• [Aim of the exercise]: Your task is to copy the stretch of lines in the records below that begins with the line containing "Cute nerdy science" and ends with the line containing "stacy adams slip on loafers", exactly as written, with nothing added.

• [Record set]:
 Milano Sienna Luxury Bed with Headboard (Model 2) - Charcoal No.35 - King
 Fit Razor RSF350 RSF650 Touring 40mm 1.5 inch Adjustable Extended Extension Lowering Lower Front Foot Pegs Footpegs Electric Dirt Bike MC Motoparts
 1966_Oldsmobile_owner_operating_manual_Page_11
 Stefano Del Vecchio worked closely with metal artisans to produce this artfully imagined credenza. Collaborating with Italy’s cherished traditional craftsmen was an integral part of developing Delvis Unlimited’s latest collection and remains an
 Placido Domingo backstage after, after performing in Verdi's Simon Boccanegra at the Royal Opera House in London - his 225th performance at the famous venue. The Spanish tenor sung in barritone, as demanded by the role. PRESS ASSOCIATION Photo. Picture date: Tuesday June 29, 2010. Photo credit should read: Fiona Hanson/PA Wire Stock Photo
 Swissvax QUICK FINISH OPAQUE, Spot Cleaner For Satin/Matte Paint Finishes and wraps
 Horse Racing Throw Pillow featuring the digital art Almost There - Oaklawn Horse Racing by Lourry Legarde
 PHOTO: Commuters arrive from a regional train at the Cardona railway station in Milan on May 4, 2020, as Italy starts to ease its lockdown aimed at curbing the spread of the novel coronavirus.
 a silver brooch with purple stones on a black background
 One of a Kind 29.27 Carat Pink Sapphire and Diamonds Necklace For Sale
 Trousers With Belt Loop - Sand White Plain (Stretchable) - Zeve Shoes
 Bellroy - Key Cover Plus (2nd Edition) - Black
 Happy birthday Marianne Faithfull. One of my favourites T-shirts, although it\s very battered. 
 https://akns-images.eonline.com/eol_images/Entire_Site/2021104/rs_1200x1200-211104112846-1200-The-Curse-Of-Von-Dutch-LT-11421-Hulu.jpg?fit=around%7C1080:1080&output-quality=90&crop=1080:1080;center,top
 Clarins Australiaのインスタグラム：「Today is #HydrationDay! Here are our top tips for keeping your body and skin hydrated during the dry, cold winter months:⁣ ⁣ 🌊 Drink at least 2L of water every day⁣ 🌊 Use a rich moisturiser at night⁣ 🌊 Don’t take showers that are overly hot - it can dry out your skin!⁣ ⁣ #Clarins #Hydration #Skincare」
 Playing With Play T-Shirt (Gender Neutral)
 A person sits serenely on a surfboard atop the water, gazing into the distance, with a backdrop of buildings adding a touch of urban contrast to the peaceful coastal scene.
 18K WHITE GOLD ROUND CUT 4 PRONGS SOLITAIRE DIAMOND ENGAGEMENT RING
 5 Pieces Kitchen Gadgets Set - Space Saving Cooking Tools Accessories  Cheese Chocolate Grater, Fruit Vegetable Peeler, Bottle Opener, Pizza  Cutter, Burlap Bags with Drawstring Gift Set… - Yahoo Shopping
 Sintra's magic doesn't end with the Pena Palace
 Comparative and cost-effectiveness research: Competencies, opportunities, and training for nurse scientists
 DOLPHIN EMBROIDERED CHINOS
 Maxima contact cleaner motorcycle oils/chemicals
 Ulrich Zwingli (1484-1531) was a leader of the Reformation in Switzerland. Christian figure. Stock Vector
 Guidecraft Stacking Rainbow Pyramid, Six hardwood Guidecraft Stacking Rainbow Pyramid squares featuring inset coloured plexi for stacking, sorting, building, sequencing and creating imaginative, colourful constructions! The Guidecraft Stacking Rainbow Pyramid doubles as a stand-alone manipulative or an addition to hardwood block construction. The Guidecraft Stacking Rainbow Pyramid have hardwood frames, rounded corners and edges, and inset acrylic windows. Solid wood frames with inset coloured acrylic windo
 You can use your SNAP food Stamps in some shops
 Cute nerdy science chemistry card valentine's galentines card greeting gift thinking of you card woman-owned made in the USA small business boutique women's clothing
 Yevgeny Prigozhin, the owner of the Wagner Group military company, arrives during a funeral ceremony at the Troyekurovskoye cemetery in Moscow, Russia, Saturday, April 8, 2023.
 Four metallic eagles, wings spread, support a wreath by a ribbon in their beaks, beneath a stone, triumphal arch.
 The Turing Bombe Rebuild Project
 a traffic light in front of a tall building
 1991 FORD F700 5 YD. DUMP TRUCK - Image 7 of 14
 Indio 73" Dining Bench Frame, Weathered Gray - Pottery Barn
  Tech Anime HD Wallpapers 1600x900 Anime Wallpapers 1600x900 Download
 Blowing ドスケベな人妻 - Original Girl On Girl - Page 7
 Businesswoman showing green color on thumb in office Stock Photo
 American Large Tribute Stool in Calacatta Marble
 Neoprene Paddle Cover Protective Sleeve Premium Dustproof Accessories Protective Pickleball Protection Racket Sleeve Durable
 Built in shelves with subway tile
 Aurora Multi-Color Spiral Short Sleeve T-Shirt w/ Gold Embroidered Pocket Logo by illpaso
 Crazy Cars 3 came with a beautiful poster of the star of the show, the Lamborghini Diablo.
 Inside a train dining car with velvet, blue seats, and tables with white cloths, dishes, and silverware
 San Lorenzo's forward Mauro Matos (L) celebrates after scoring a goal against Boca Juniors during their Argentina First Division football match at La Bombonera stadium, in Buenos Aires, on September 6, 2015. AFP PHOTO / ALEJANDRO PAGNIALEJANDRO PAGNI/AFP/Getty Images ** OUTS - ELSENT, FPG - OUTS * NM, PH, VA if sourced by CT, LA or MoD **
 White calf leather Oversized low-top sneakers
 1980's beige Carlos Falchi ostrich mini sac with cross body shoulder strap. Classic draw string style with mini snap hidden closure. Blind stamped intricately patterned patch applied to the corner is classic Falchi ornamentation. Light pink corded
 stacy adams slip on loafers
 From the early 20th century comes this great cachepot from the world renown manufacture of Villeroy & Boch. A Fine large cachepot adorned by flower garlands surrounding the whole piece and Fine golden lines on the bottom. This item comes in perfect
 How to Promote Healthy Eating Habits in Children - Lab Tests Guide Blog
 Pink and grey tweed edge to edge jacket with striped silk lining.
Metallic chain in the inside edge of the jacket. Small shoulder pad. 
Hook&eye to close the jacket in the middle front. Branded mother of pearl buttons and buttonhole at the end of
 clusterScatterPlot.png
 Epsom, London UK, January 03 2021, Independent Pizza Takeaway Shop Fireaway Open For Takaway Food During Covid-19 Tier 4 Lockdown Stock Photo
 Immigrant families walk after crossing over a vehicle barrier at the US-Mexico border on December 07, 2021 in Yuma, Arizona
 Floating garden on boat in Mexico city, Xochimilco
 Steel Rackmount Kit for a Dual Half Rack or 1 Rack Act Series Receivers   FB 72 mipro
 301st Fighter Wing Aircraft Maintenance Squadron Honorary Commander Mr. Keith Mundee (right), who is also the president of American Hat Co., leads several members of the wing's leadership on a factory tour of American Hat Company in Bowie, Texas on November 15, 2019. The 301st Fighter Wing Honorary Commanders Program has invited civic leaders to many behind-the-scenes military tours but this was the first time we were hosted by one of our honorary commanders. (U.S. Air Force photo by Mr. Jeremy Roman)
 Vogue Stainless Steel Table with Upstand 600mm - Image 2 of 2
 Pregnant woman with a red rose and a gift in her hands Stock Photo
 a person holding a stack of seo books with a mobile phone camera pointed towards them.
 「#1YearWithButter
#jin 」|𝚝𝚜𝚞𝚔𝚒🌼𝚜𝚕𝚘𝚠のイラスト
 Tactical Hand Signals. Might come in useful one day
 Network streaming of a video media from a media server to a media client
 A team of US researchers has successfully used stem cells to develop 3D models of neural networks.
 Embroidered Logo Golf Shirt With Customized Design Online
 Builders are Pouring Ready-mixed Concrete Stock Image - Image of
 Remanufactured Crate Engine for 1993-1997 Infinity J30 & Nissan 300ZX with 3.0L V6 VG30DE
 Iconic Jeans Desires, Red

• [Your response]:
 Cute nerdy science chemistry card valentine's galentines card greeting gift thinking of you card woman-owned made in the USA small business boutique women's clothing
 Yevgeny Prigozhin, the owner of the Wagner Group military company, arrives during a funeral ceremony at the Troyekurovskoye cemetery in Moscow, Russia, Saturday, April 8, 2023.
 Four metallic eagles, wings spread, support a wreath by a ribbon in their beaks, beneath a stone, triumphal arch.
 The Turing Bombe Rebuild Project
 a traffic light in front of a tall building
 1991 FORD F700 5 YD. DUMP TRUCK - Image 7 of 14
 Indio 73" Dining Bench Frame, Weathered Gray - Pottery Barn
  Tech Anime HD Wallpapers 1600x900 Anime Wallpapers 1600x900 Download
 Blowing ドスケベな人妻 - Original Girl On Girl - Page 7
 Businesswoman showing green color on thumb in office Stock Photo
 American Large Tribute Stool in Calacatta Marble
 Neoprene Paddle Cover Protective Sleeve Premium Dustproof Accessories Protective Pickleball Protection Racket Sleeve Durable
 Built in shelves with subway tile
 Aurora Multi-Color Spiral Short Sleeve T-Shirt w/ Gold Embroidered Pocket Logo by illpaso
 Crazy Cars 3 came with a beautiful poster of the star of the show, the Lamborghini Diablo.
 Inside a train dining car with velvet, blue seats, and tables with white cloths, dishes, and silverware
 San Lorenzo's forward Mauro Matos (L) celebrates after scoring a goal against Boca Juniors during their Argentina First Division football match at La Bombonera stadium, in Buenos Aires, on September 6, 2015. AFP PHOTO / ALEJANDRO PAGNIALEJANDRO PAGNI/AFP/Getty Images ** OUTS - ELSENT, FPG - OUTS * NM, PH, VA if sourced by CT, LA or MoD **
 White calf leather Oversized low-top sneakers
 1980's beige Carlos Falchi ostrich mini sac with cross body shoulder strap. Classic draw string style with mini snap hidden closure. Blind stamped intricately patterned patch applied to the corner is classic Falchi ornamentation. Light pink corded
 stacy adams slip on loafers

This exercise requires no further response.